Can we have a general utility to decode and encode (using Gzip)? That could be re-used at more than one place? We can use some generics to model more than one Input/Output?

I'm not sure I completely understand what you mean in this case. There are plenty of generic Gzip utils around. The GZIPOutputStream that is being used here for example uses the built-in Inflater class in Java (https://docs.oracle.com/en/java/javase/11/docs/api/java.base/java/util/zip/Inflater.html), which already contains a lot of generic methods for compressing/decompressing. There are also no other places in this library where we are currently doing any gzipping. Pre-creating a library for gzipping any kind of object sounds like an example of premature optimization.

Not pre-creating a library. But basically breaking down this class into two classes - Partition and say GzipEncodingUtility. GzipEncodingUtility will use generics to take in dynamic input/output types. Partition class could internally use GzipEncodingUtility to do what it's doing currently.

arpan14 · 2023-08-03T13:38:26Z

...oud-spanner/src/main/resources/com/google/cloud/spanner/connection/ClientSideStatements.json

+		"statementType": "PARTITION",
+		"regex": "(?is)\\A\\s*partition(\\s+|\\()(.*)\\z",
+		"method": "statementPartition",
+		"exampleStatements": []


Referring back to a previous comment of mine where I asked for a few examples, can we add a few examples here which can be used to understand the ClientSideStatementPartitionExecutor code better?

I've added some example statements here (and update the test framework a bit, as it was not able to fully cope with these statements that can have anything at the end).

arpan14 · 2023-08-03T13:46:49Z

google-cloud-spanner/src/main/java/com/google/cloud/spanner/connection/MergedResultSet.java

+    private final Type type;
+    private final ResultSetMetadata metadata;
+
+    static PartitionExecutorResult data(Struct data) {


Wouldn't a builder pattern be better suited for such object construction? Otherwise for every member that we introduce it will be difficult to multiplex such method to partially build the object.

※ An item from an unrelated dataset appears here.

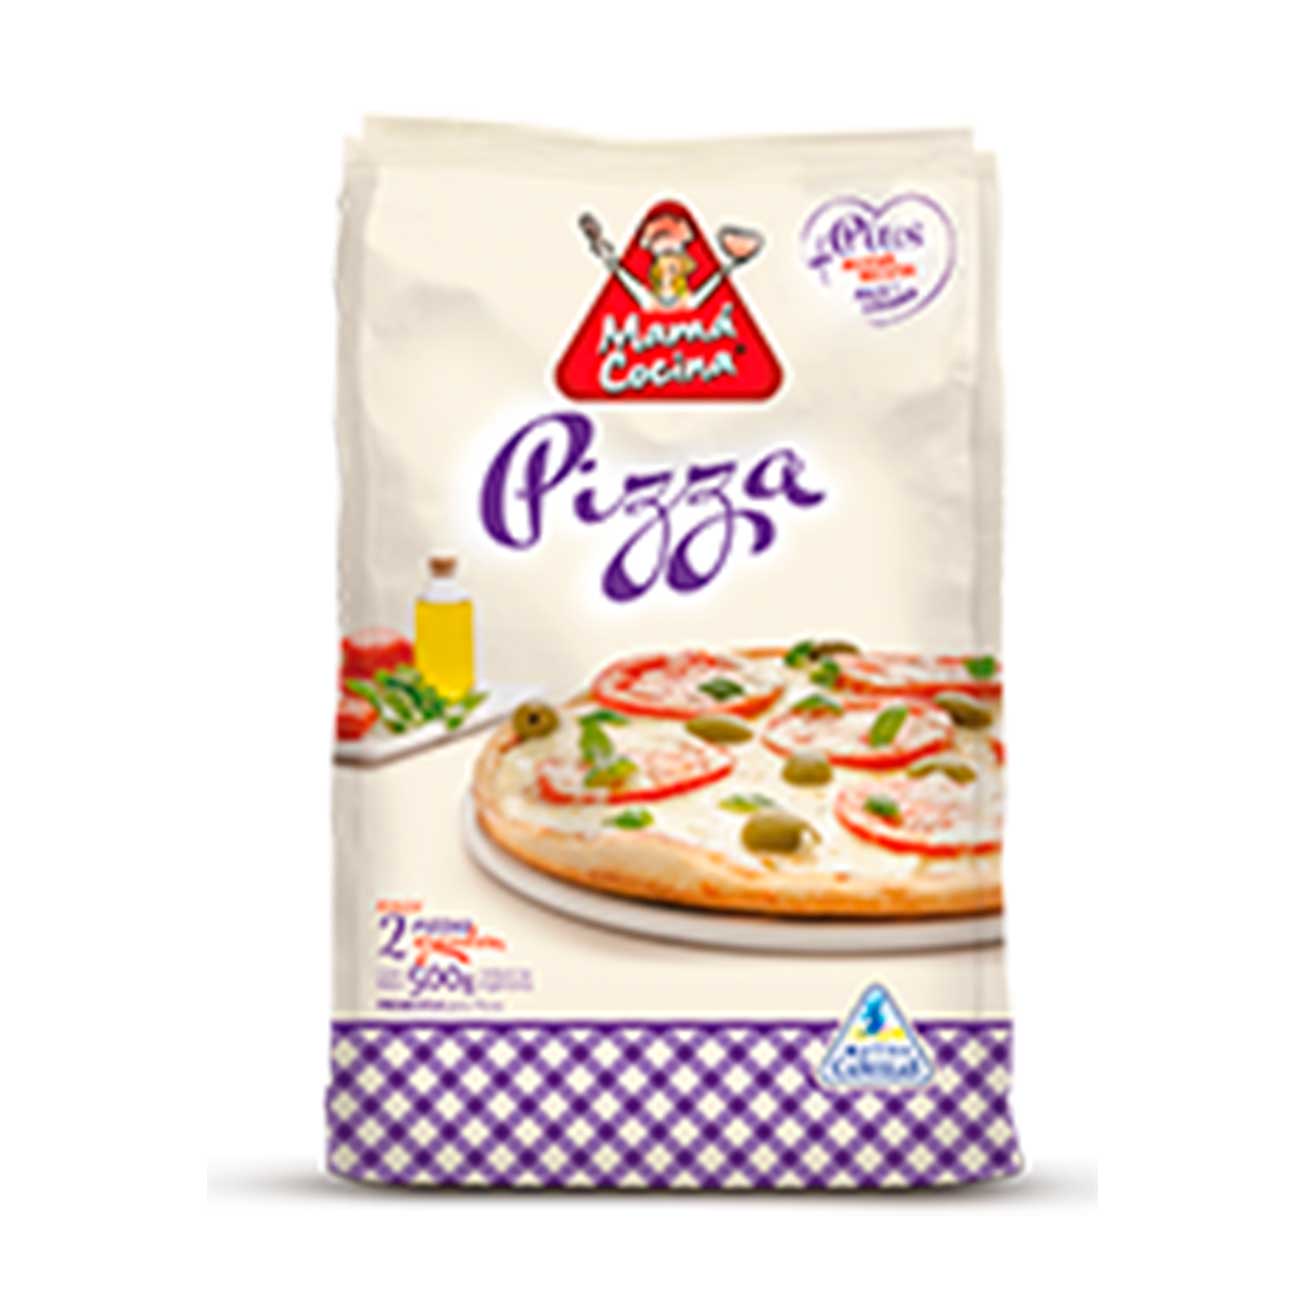 Premezcla pizza 500g MAMÁ COCINA PLUS

Otherwise for every member that we introduce it will be difficult to multiplex such method to partially build the object.

That is actually the reason that I think that a Builder pattern is not suitable here. This (internal) object is not intended to allow each possible permutation. By using static builder methods for the specific permutations we allow, we gain the advantage of:

Being able to check the specific arguments of that permutation (e.g. calling data(Struct data) with a null value should be disallowed (I've added a null-check for that).

The place where it is being called is a lot easier to read: PartititionExecutorResult.data(...) is a clear indication that this result contains data, and that it is logical that it does not need to for example also include metadata.

arpan14 · 2023-08-03T13:55:35Z

google-cloud-spanner/src/main/java/com/google/cloud/spanner/connection/MergedResultSet.java

+ * multiple queries. Each query uses its own {@link RowProducer} that feeds rows into the {@link
+ * MergedResultSet}. The order of the records in the {@link MergedResultSet} is not guaranteed.
+ */
+class MergedResultSet extends ForwardingStructReader implements PartitionedQueryResultSet {


Have we explored re-using some elements present in AsyncResultSetImpl ? Or in another way are there ways in which we can make MergedResultSet and AsyncResultSetImpl have some common code?

Also, there is not much difference in the way we would like to implement batch read in client library and connection API, apart from the fact that connection API supports a bunch of other configurations in connection string that client library does not support.

Am I missing the other major differences between these two implementations of ForwardingStructReader ?

There are two big differences between AsyncResultSetImpl and MergedResultSet:

AsyncResultSetImpl uses a single-threaded row producer that reads from a single query result. MergedResultSet uses a multi-threaded row producer that reads from multiple query results in parallel.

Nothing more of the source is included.